PHILIP: Well, that's one of the core functions of what we do in public health and the health department, is monitoring that assessment piece. And so, having the data systems where we're monitoring is there a spike in increase in the number of deaths due to something or you know illnesses. And we work very closely with the physicians, other health care professionals, the laboratories, on getting those reports. You know, so those early reports are some of the ways that these are initially identified. And so, when we get something of concern, then the epidemiologists, the disease detectives that we have in public health, are the ones who will interview those initial cases. Again, if it's a brand-new thing, to do some hypothesis generating. You know what are the, what was this person exposed to, and get very thorough histories. Try to find linkages and connections between cases, identify you know mode of spread, and what treatment, all these sorts of things. And then part of our messaging is, you know, get the information out to the health care community and physicians, if we know here's how to treat it, here's how these should be assessed, here's what laboratory specimens need to be collected for these things. All of that is part of what we do in public health as part of being prepared and then the intervention activities. You know, what control measures do we need to implement and how do we work that. How do we work with the pharmacies? How do we work with distribution of vaccines? Things like that are, you know, part of that response.
SHARA: So, that's a pretty important role that Health and Human Services plays. And are you comfortable you're getting all the information that you need from the medical community?

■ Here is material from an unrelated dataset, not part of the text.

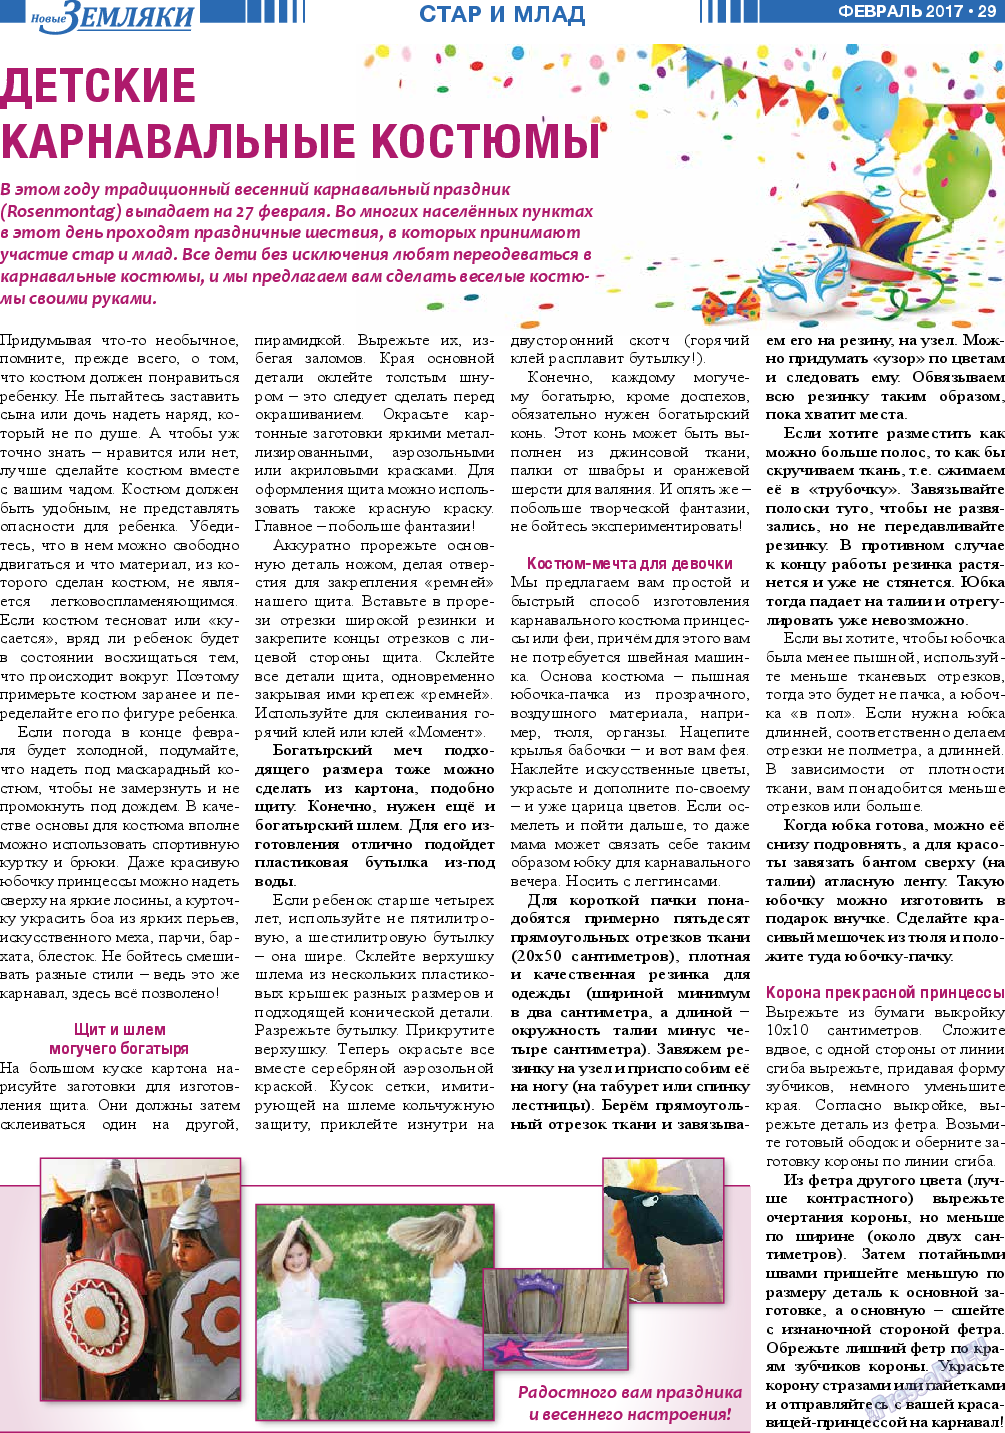 Новые Земляки, газета. 2017 №2 стр.29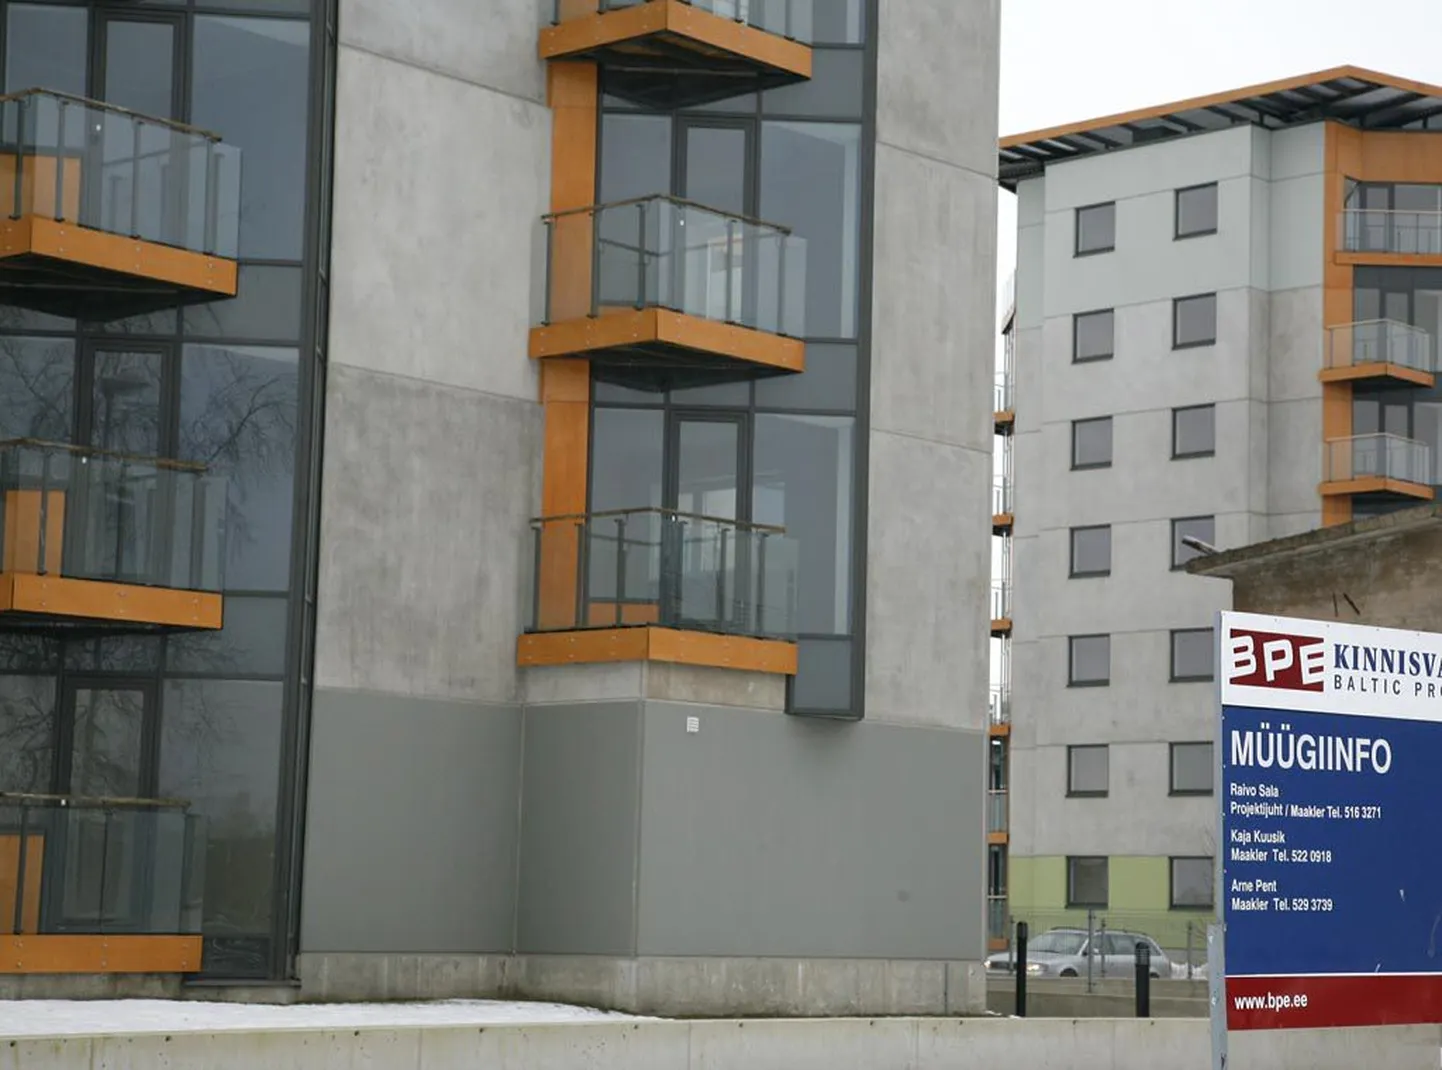 Kõige lahedamalt jagub tingimisruumi kinnisvaraturul. City24 andmetel oli Pärnu korterite keskmine pakkumishind detsembris pea 16 000 krooni ruutmeetri eest, samal ajal oli keskmine müügihind maa-ameti andmeil 12 000 krooni ruutmeetrilt.

PHILIP: You know, we're trying to build the data systems so that we can get the best information we can. In Dallas, we have a great working relationship with our physicians, with our medical community, the county medical society. So, we get excellent reporting. I think that, in some of the issues, sometimes the numbers even come out higher in our area. Like for instance this latest, the vaping respiratory illnesses related to that, we have higher numbers here and we really attribute it because we have such a great working relationship with the community and we get these reports very quickly very comprehensively.
SHARA: That's good news. So, you've got a lot of people. I think you said about 500 professionals, who work in Dallas County Health and Human Services and some of them are what we describe as disease detectives. Tell me about a day in the life of a disease detective.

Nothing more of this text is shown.